Southend Court House is a Crown Court venue which deals with criminal cases, as well as a County Court venue, which deals with civil cases, in Victoria Avenue, Southend-on-Sea, England. Located immediately to the south of Southend Civic Centre, it is also the venue for magistrates' court hearings.

==History==
Until the mid-1960s, the main venue for criminal court hearings in Southend-on-Sea was a courthouse on Alexandra Street. It was first built there for the petty session hearings in 1883, rebuilt in the early 20th century, and then re-built again in 1924. It continued to serve the borough for much of the 20th century. However, as the number of court cases in Southend grew, it became necessary to commission a more modern courthouse. Southend Corporation planned a new a Civic Centre which would encompass a new police station, the courthouse, council offices and chamber, a new College and a Library on a site first purchased by the council in 1919 for a further education college, but had been reallocated as a town hall site in 1934. The planned fire station for the site was dropped and it was built in Sutton Road.

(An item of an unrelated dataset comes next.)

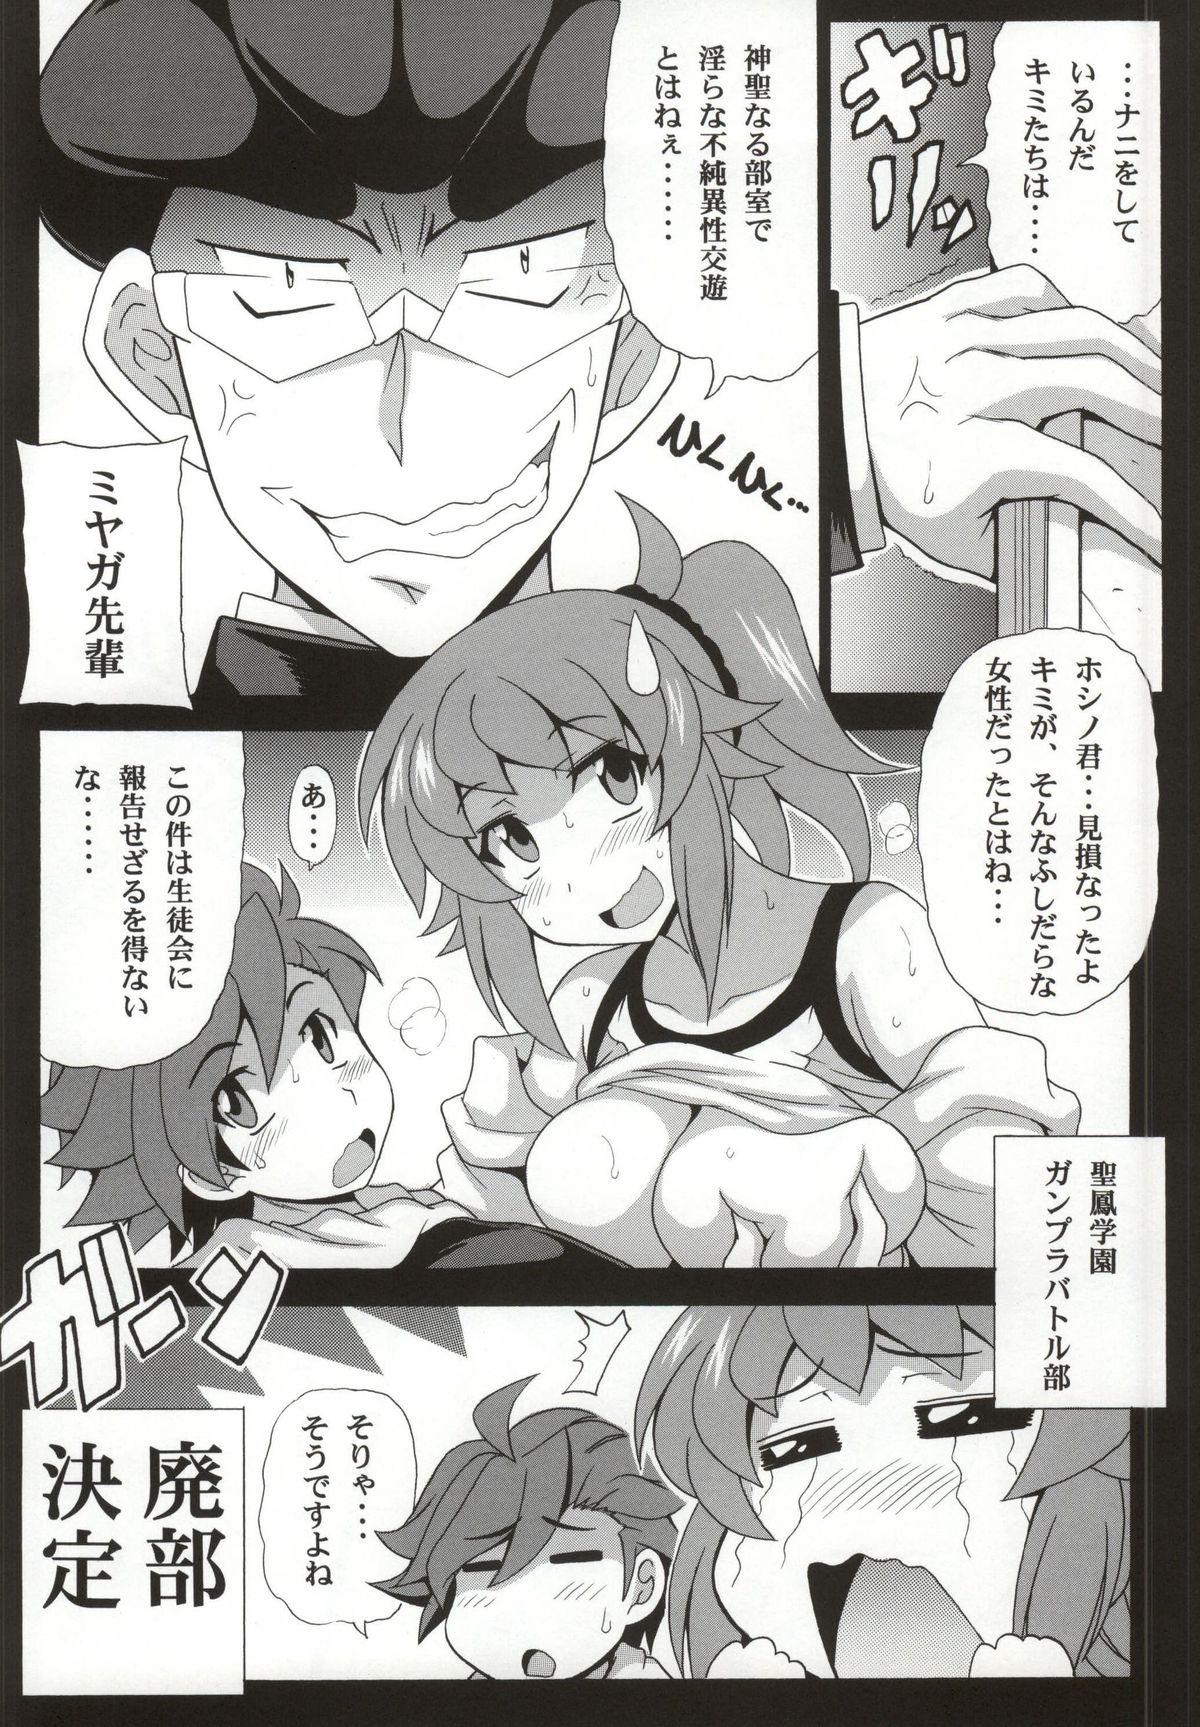 Chacal Fumina Senpai to H na Gunpla Battle - Gundam build fighters try Kissing - Page 12

The new building was designed by the borough architect, Patrick Burridge, in the Modernist style, built in concrete and glass and was completed in 1966. The design involved an asymmetrical main frontage of 30 bays facing onto Victoria Avenue. On the left of the main frontage, there was a wide opening of 12 bays leading to an inner courtyard and a glass doorway beyond. The building was fenestrated by a series of small square casement windows on both floors. Internally, the building was laid out to accommodate two courtrooms. Following the implementation of the Courts Act 1971, the courthouse became the venue for hearings of the newly designated Southend Crown Court.

The borough council commissioned a bronze sculpture entitled "Leda and the Swan" which was designed by Lucette Cartwright. It was initially placed outside the courthouse but when councillors decided to relocate the sculpture to the civic square there was a backlash from protestors who objected to the sexual nature of the artist's work which depicted the thunder god, Zeus, in the form of a swan, raping a woman. The sculpture was initially moved to the courtyard of the Palace Theatre in Westcliff-on-Sea and but it was later relocated to the mayor's residence where it was placed safely out of view.

Notable court cases have included the trial and conviction of Rick Kerry, in June 2013, for robbery. He leapt from the dock and escaped from the courthouse immediately after sentencing but was later re-captured.